The Telegraph is an Indian English daily newspaper founded and continuously published in Kolkata since 7 July 1982. It is published by the ABP Group and the newspaper competes with The Times of India. The newspaper is the eighth most-widely read English language newspaper in India as per Indian Readership Survey (IRS) 2019.

The Telegraph has three editions Kolkata, South Bengal and North Bengal.

History
The Telegraph was founded on 7 July 1982. The design director of London's The Sunday Times, Edwin Taylor, designed the newspaper and provided a standard in design and editing. In 31 years, it has become the largest-circulation English daily in the eastern region published from Kolkata. In 1982, M. J. Akbar used to edit and design the daily newspaper; thus it had a major impact on newspaper journalism in India.

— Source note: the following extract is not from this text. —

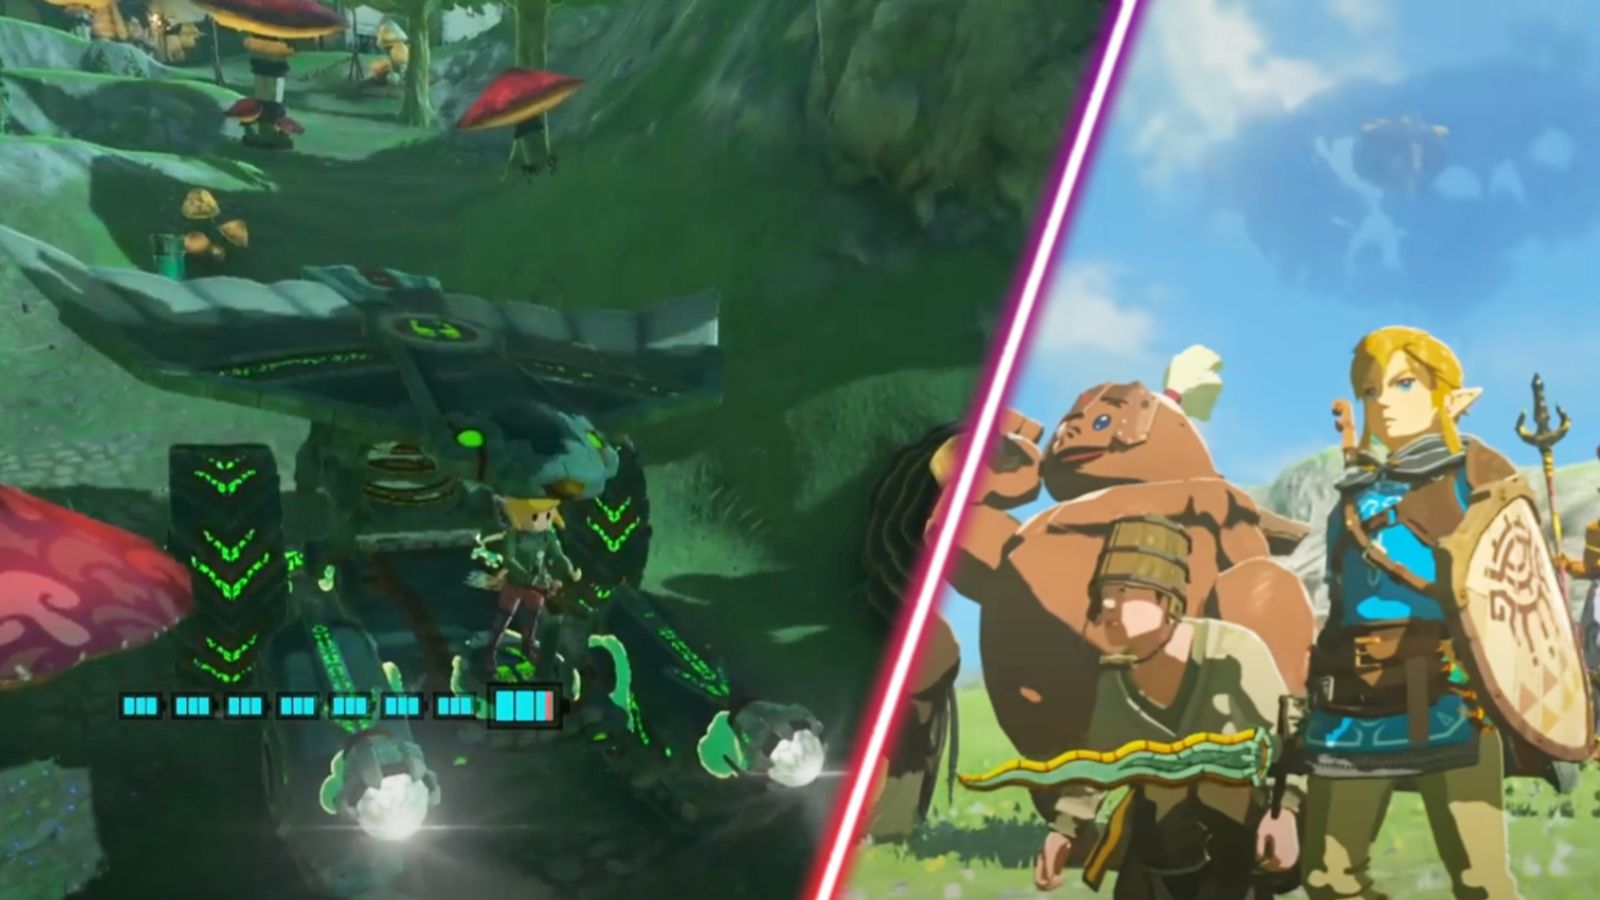 Link racing a vehicle in Zelda Tears of the Kingdom.

The Telegraph is published by media group Ananda Publishers closely associated with ABP Pvt. Ltd; the group also published Anandabazar Patrika (a Bengali language newspaper) since 13 March 1922.  Apart from newspapers the group even  published Bengali and English periodicals like Anandamela, Unish-Kuri, Sananda, Anandalok, Desh magazine, The Telegraph in Schools and Career.

Businessworld, which was initially  part of the ABP group, has been sold to Anurag Batra, of Exchange4Media and Vikram Jhunjhunwala, an investment banker for an undisclosed amount.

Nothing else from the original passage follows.